The plug-in car grant was designed to make EVs more affordable. Image: Getty.

The plug-in car grant was designed to make EVs more affordable. Image: Getty.

The government is today (14 June) ending the plug-in car grant, with it to now focus on improving charging infrastructure.

The grant – which offered £1,500 for electric vehicles (EVs) costing under £32,000 – has successfully kickstarted the switch to electric, the government said in its announcement.

It pointed to how battery and hybrid EVs now make up over half of all new cars sold, while EV ownership rose 71% year-on-year in 2021.

“The government has always been clear the plug-in car grant was temporary and previously confirmed funding until 2022-23. Successive reductions in the size of the grant, and the number of models it covers, have had little effect on rapidly accelerating sales or on the continuously growing range of models being manufactured,” the government's announcement said.

Now, £300 million of grant funding is to be refocused towards extending plug-in grants to raise sales of taxis, motorcycles, vans and trucks and wheelchair accessible vehicles.

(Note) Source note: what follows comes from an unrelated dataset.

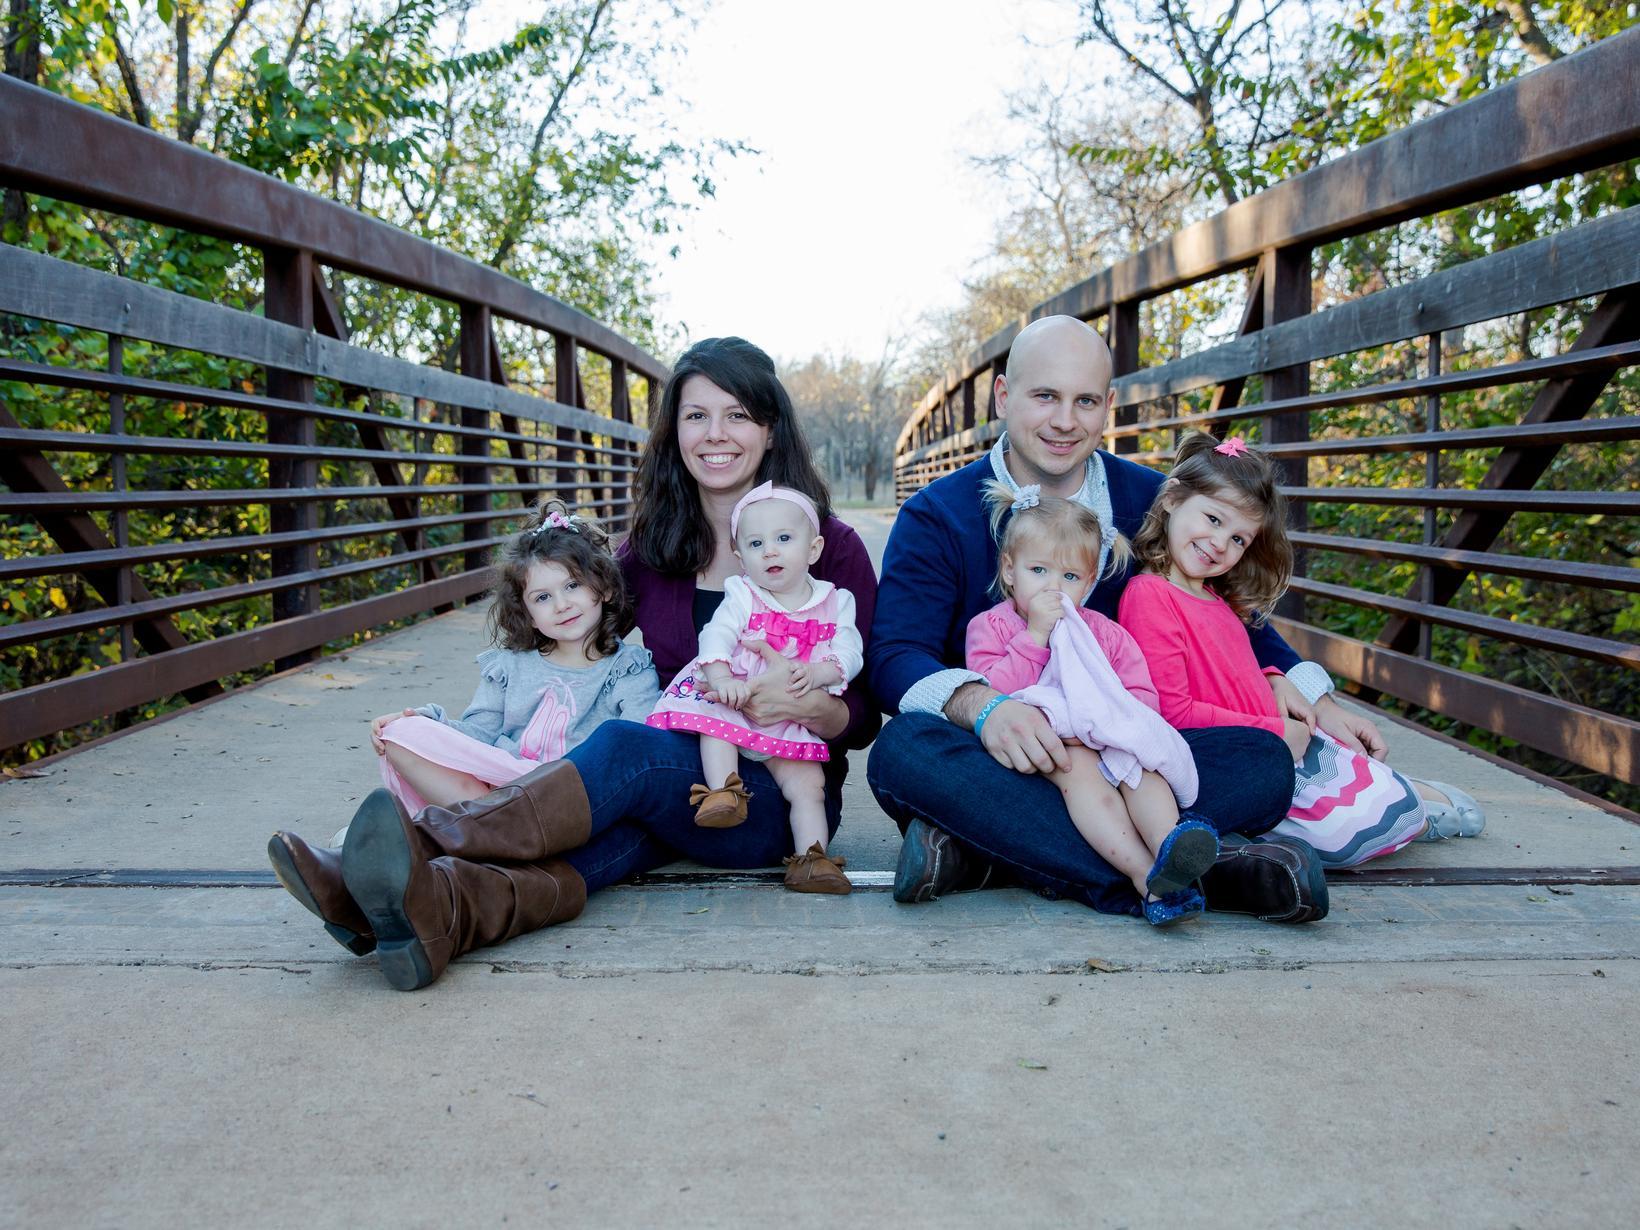 Kristan & Christopher from Yukon, Oklahoma, United States

The shift in focus will also allow government funding to target expanding the public chargepoint network, with an aim of helping to eradicate range anxiety and ensuring the transition to zero-emission transport is easy and convenient for all drivers across the UK.

Existing EV charging funds from the government include the £950 million Rapid Charging Fund, which is aiming to deliver six high-power, open access EV chargepoints at each motorway service area by 2023 and 6,000 in total by 2035.

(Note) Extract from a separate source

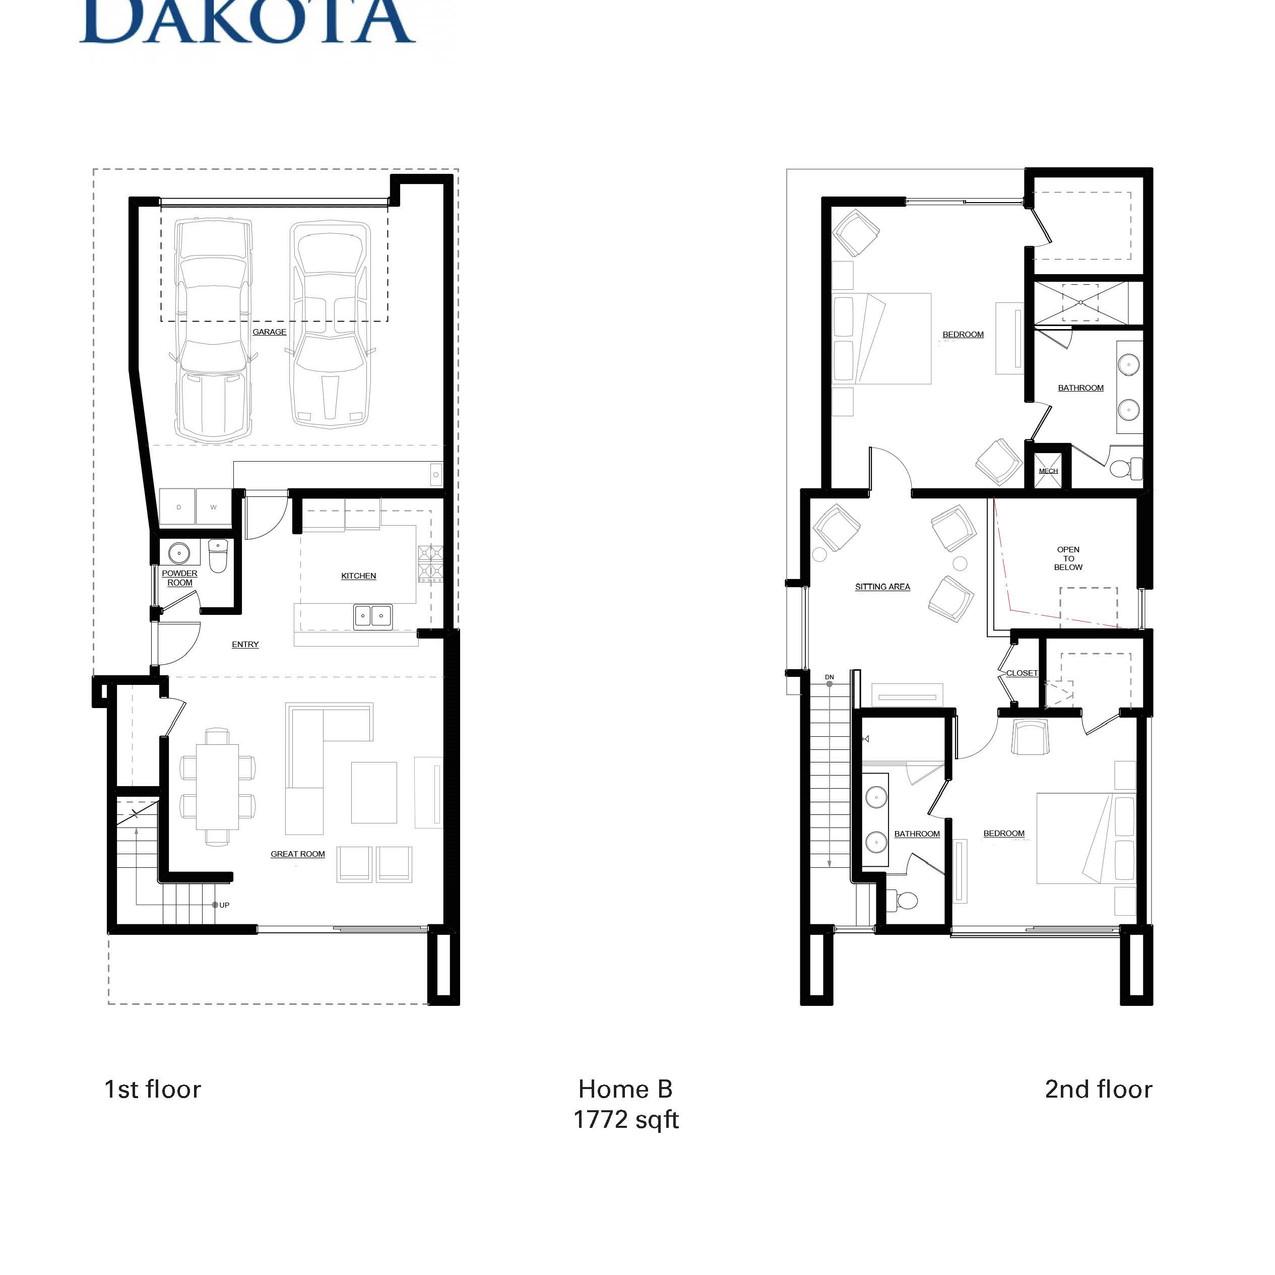 Dakota-Floor-Plans_Phase1-Home B_Page_2

Additionally, the Charging Infrastructure Investment Fund (CIIF) - which has invested in EV firms such as InstaVolt and char.gy - is made up of both private and government funding.

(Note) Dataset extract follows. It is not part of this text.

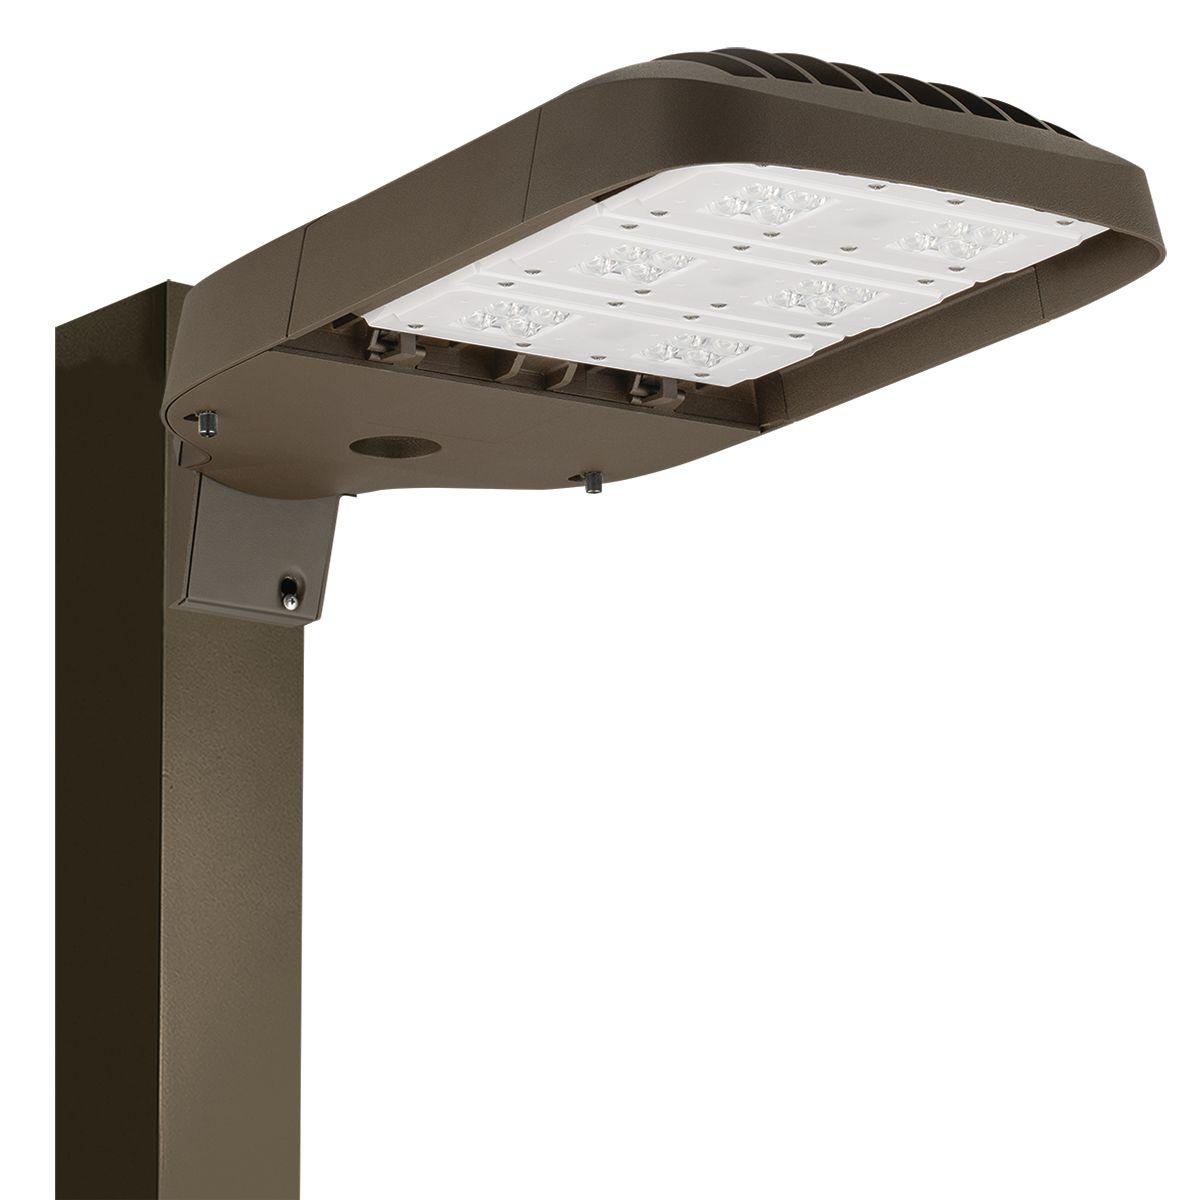 Airo | Hubbell Outdoor Lighting

The government also referenced a new public evaluation report which it said highlighted that while the plug-in car grant was vital in building the early market for EVs, it has since been having less of an effect on demand.

However, in 2021 the Society of Motor Manufacturers and Traders (SMMT) found that preserving the plug-in car grant and providing consumer VAT exemption could increase uptake by almost two thirds by 2026 compared to projections made at the time.

Several months later, sales of plug-in hybrids, which usually fall behind BEV sales, were more popular following cuts to the Plug-in Car Grant.

Edmund King, AA president, said: “The plug has been pulled at the wrong time on this important grant before many users, still waiting for delayed EVs due to global shortages, have made the change.

“With record prices at the pumps and households budgets already stretched, removing the last incentive to go electric could stall this important move to electrification and helping drivers to escape the fossil-fuel-price nightmare once and for all.”

All existing applications for the grant are to be honoured, the government said. Additionally, where a car has been sold in the two working days before the announcement, but an application for the grant from dealerships has not yet been made, the sale will also still qualify for the grant.

Claire Miller, director of technology and innovation at Octopus Electric Vehicles, said: "It’s now over to the manufacturers to meet demand with supply. Supply chain issues have led to long wait times for the latest EVs on the market. Manufacturers must do everything they can to strengthen supply at every stage to meet current and predicted demand.

"Without it, we’ll have more customer frustration and slower growth of the second hand market through these crucial early years of the electric decade.”